SEATTLE — The current global health system is burdened with displacement, mass migration, inequality, climate change, urbanization, deforestation, wars and humanitarian crises. A global health crisis is looming with emerging health risks ranging from drug-resistant bugs and the H7N9 flu outbreak in China to famine in Africa.
While all attention is focused on many diversions, global health is becoming increasingly unstable. The Trump administration has announced a $54 billion increase in defense spending while reducing funding to the State Department and the U.S. Agency for International Development (USAID) by 37 percent. This decision reflects the administration’s lack of appreciation for their role in enhancing national and international security by downsizing poverty and alleviating the threat of a global health crisis. The anticipated 61 percent funding cuts to global health would have dire consequences for millions around the world.
In 2015, the U.S. ranked first in military spending at $598 billion, nine times Russia’s and four times China’s defense budget. While the average U.S. citizen believes the nation contributes 26 percent of the federal budget to foreign assistance, it is actually one of the least generous nations. Compared to Sweden, Norway, U.K. and Turkey who spend 1.41 to .54 percent of their Gross National Income (GNI) on foreign aid, U.S. contributes only 0.17 percent.
The Trump administration expressed skepticism over humanitarian funding to Africa and questioned the value of the President’s Plan for AIDS Relief (PEPFAR). PEPFAR was established by President George W. Bush in 2003 and has been essential in reducing mortality and morbidity, with increased access to HIV/AIDs treatment to millions of men, women and children. It has also led to political and social stability and reduced the risk of a global health crisis.
The Lake Chad Basin is facing the worst humanitarian crisis on the African continent. The U.N. has been successful in raising one-third of the $1.5 billion urgently needed to avert massive loss of life due to famine. It was confident of a U.S. contribution considering that the U.S. has until now been the largest donor to the region. Nonetheless, the Trump administration’s “America First” ideologies are rendering their assumptions wrong and jeopardizing the lives of millions. The administration’s indifference towards humanitarian aid shows an unknowing of its role in preventing a global health crisis.
The Trump administration has also indicated 40 percent less funding to the U.N. and the World Health Organization (WHO), both critical response coordinators during a global health crisis. Insufficient funds played a significant role in the inefficient WHO response to Ebola, which led to its escalation into a global threat. These cuts from the U.S. would further impede the underfunded WHO in effectively responding to a future global health crisis. Two U.S. legislative bills seeking to withdraw WHO membership and all funds from the U.N. further lend fear to an already uncertain situation.
Meanwhile, the U.S. Center for Disease Control (CDC), USAID and the U.S. Department of Health and Human Services are without adequate leadership.
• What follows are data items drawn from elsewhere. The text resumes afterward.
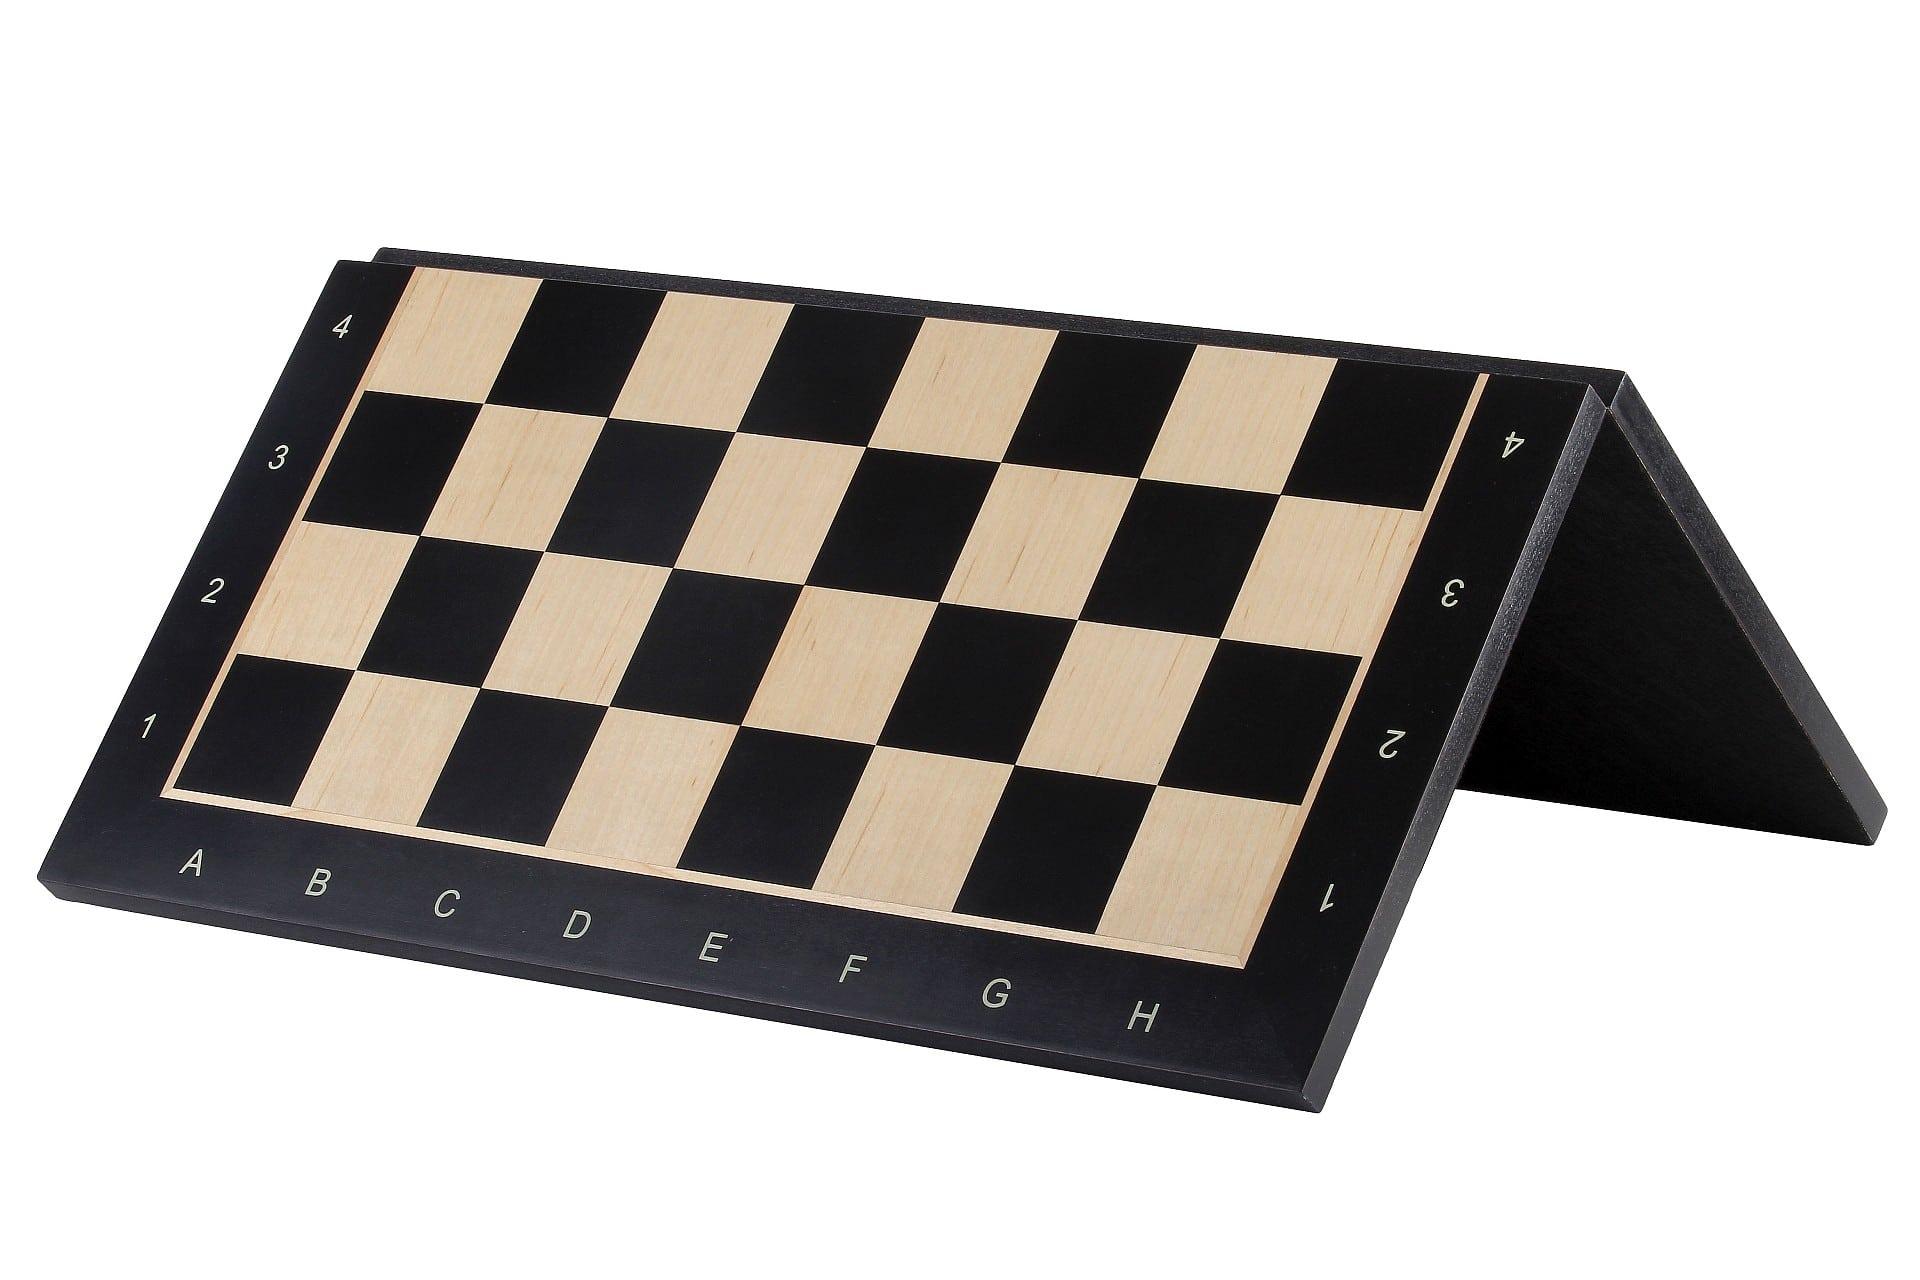 Black Folding ChessBoard
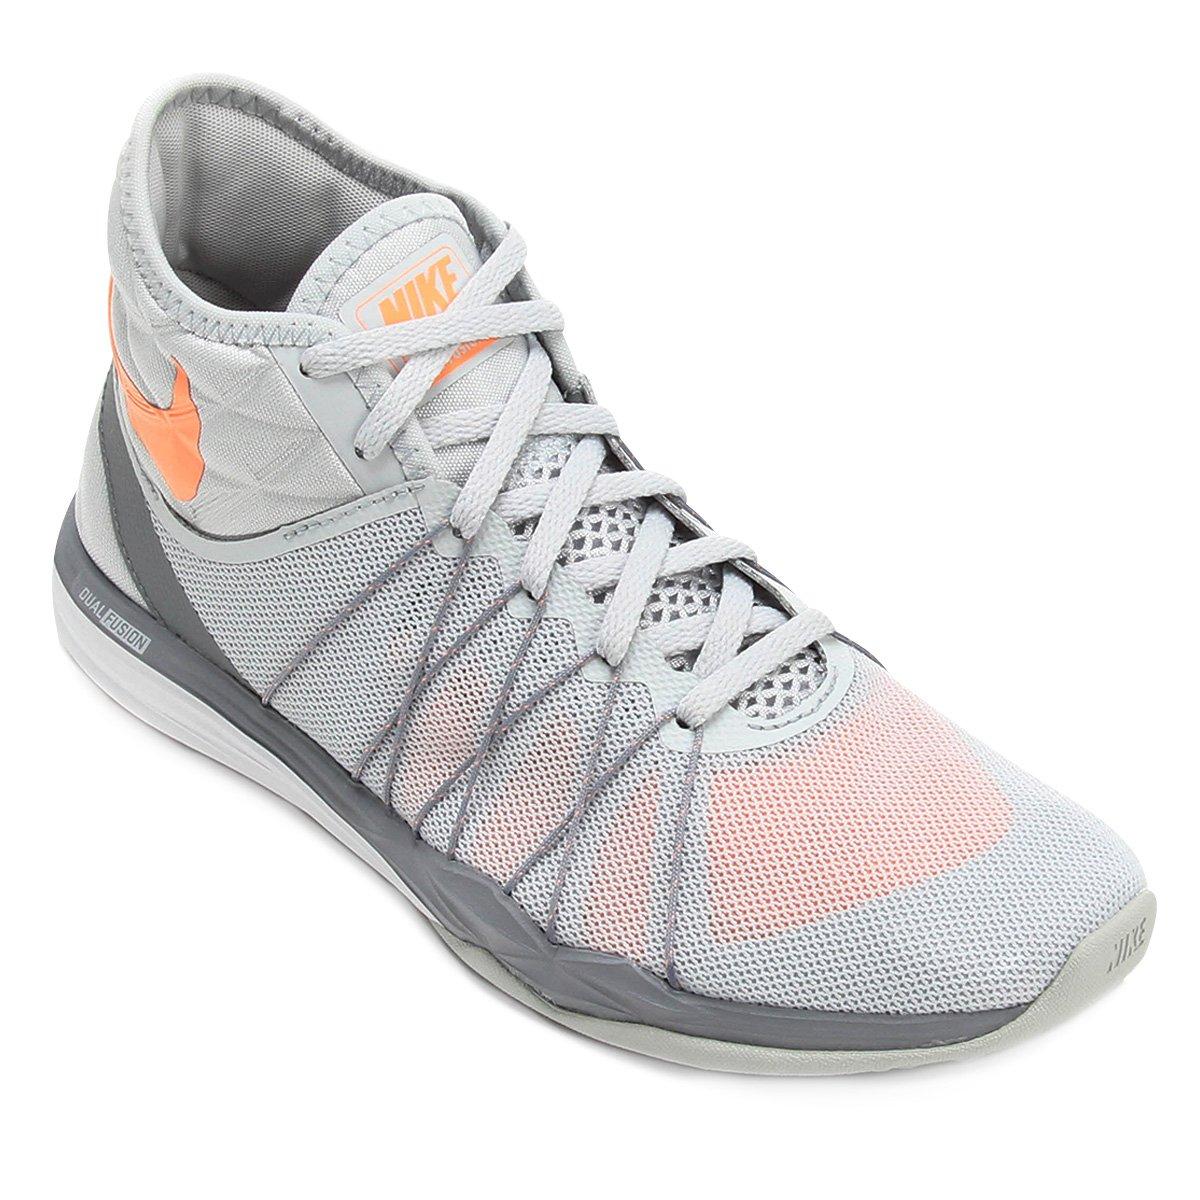 d0bcdd2a9 Tênis Nike Dual Fusion TR Hit Feminino - Cinza e Laranja | Shop Timão
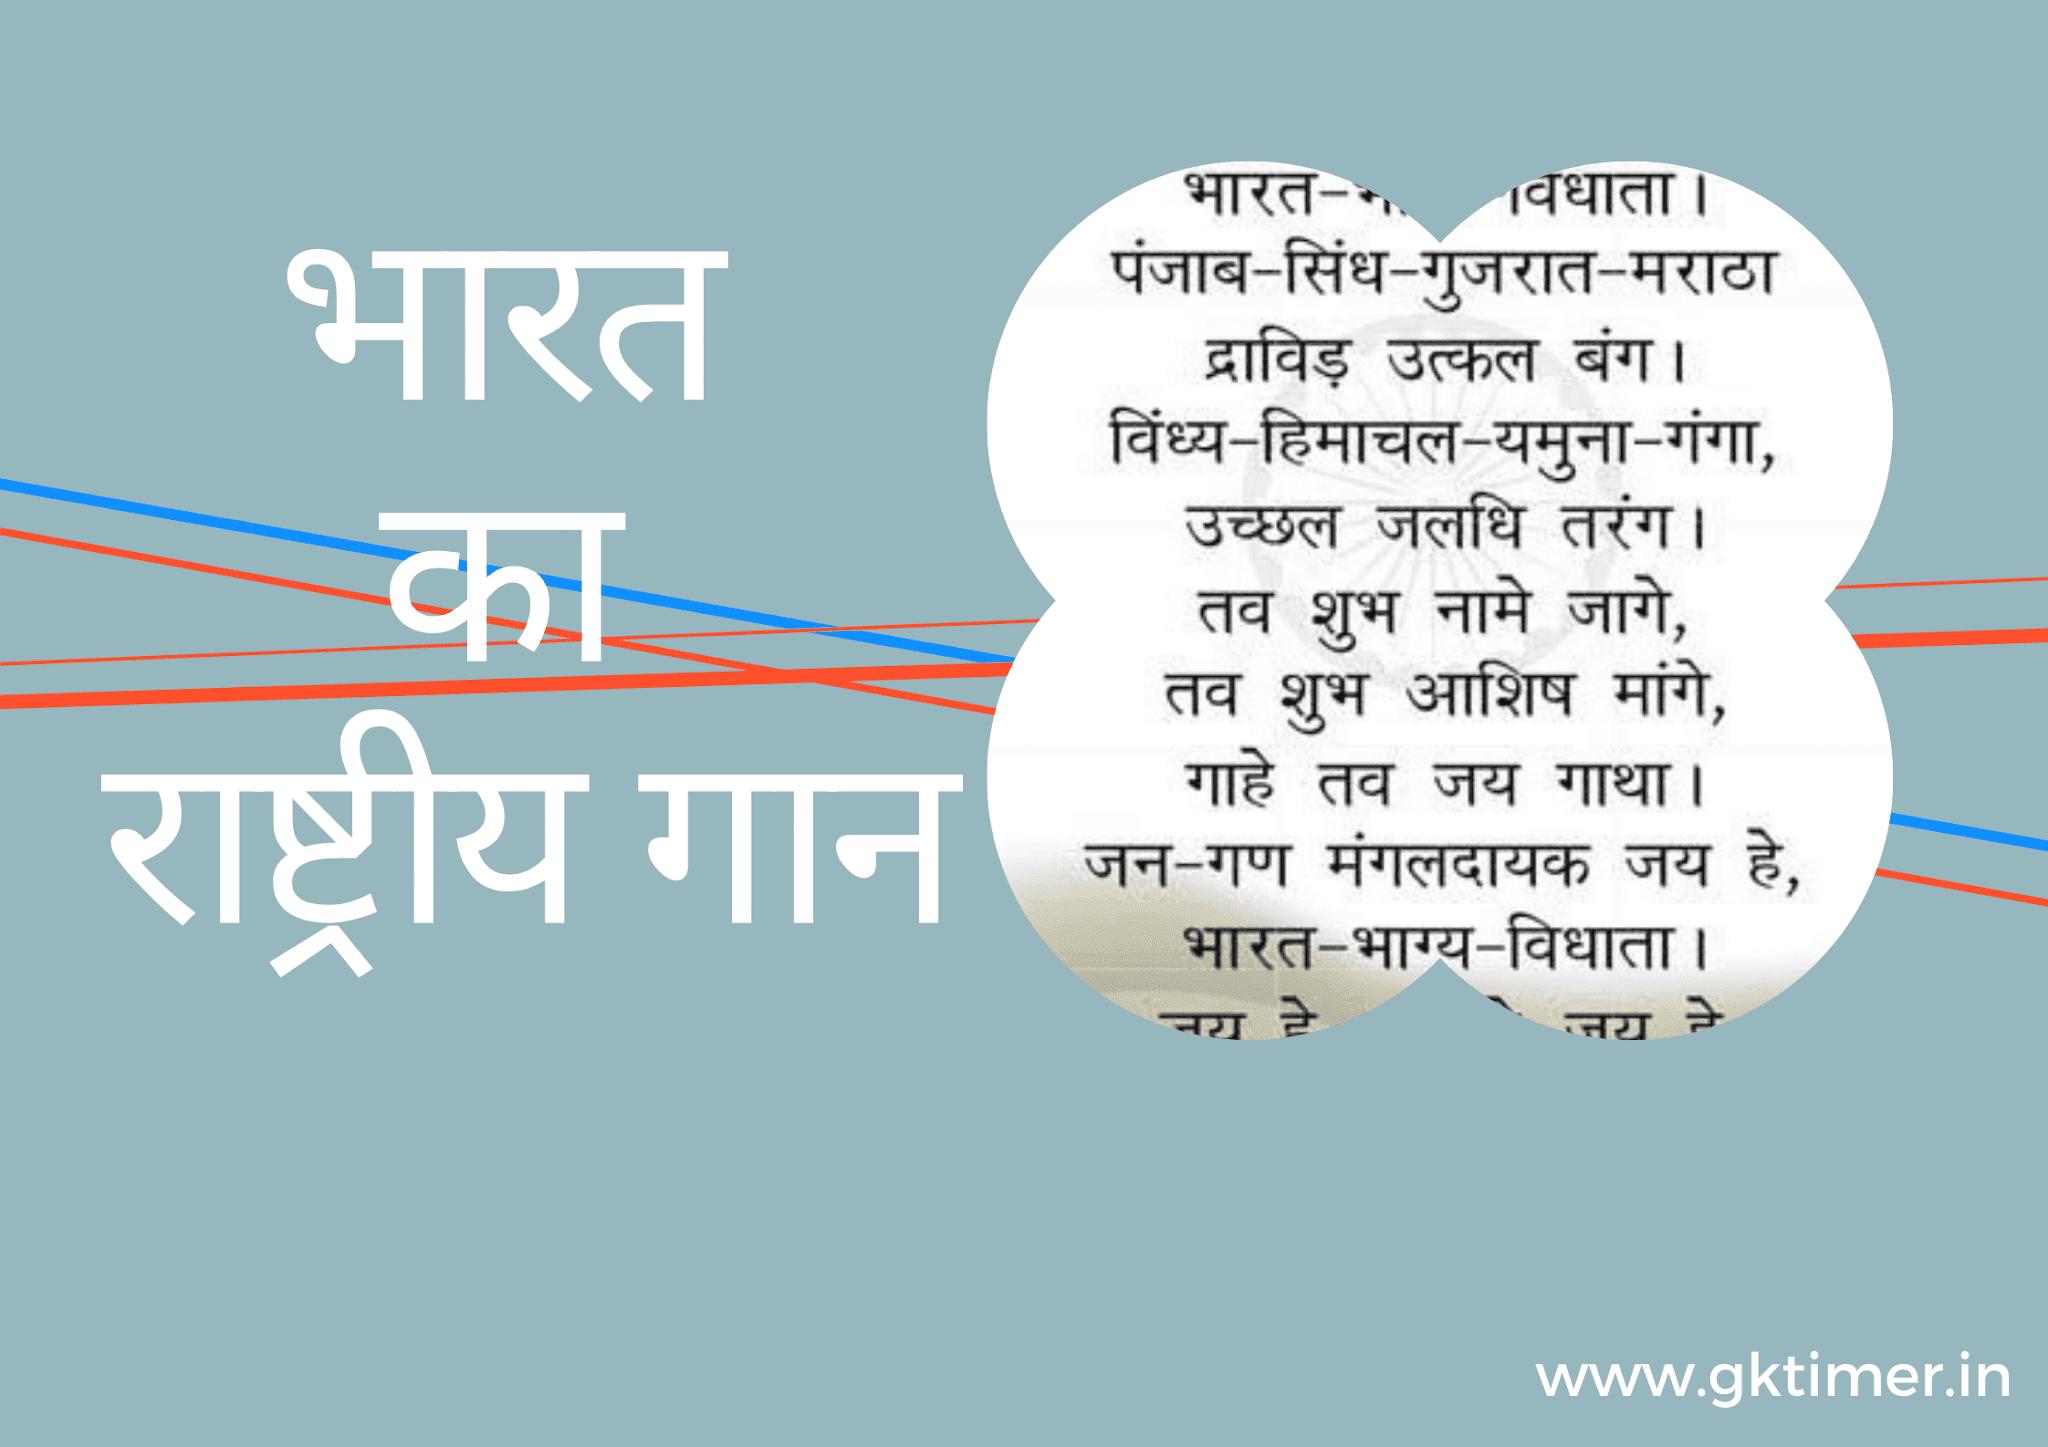 भारत का राष्ट्रीय गान : जन गण मन | National Anthem of India in Hindi

The CDC is also anticipated to have a 12 percent budget cut. These agencies are vital in managing and responding to internal and external health emergencies. Ebola, one of the greatest security threats in recent history was ended by the international community including the CDC, the USAID, global aid agencies and nongovernmental organizations working together. The 1,450 CDC personnel deployed to respond to the crisis played a crucial role in containing the Ebola epidemic and keeping Americans safe.
President Trump signed an Executive Order on March 5 instating a new travel ban. Travel bans limit critical work done by scientists and doctors in life-threatening situations by curtailing their freedom of movement. The first successful Ebola vaccine was developed through cross-country collaborations between West Africa, Europe, U.S. and the WHO. The current H7N9 outbreak in China is proving resistant to available drugs and taking a toll on lives. Such situations require a swift global response to develop effective remedies.
Most tropical infectious diseases are a result of poverty, climate change or unplanned urbanization. High-income countries like the U.S. need to support development and health programs in poor, developing countries to prevent epidemics like Ebola from occurring and becoming global threats. With the next pandemic, imminent with the H7N9 outbreak and drug-resistant bugs, the U.S. cannot stay protected by isolating itself.
Pandemics are managed with cross-border alliances through idea and resource sharing. The Trump administration, in the interest of America, should abandon the isolationist philosophy it has shown, embrace the proven strategy of collaboration, and realize its responsibility in averting a global health crisis.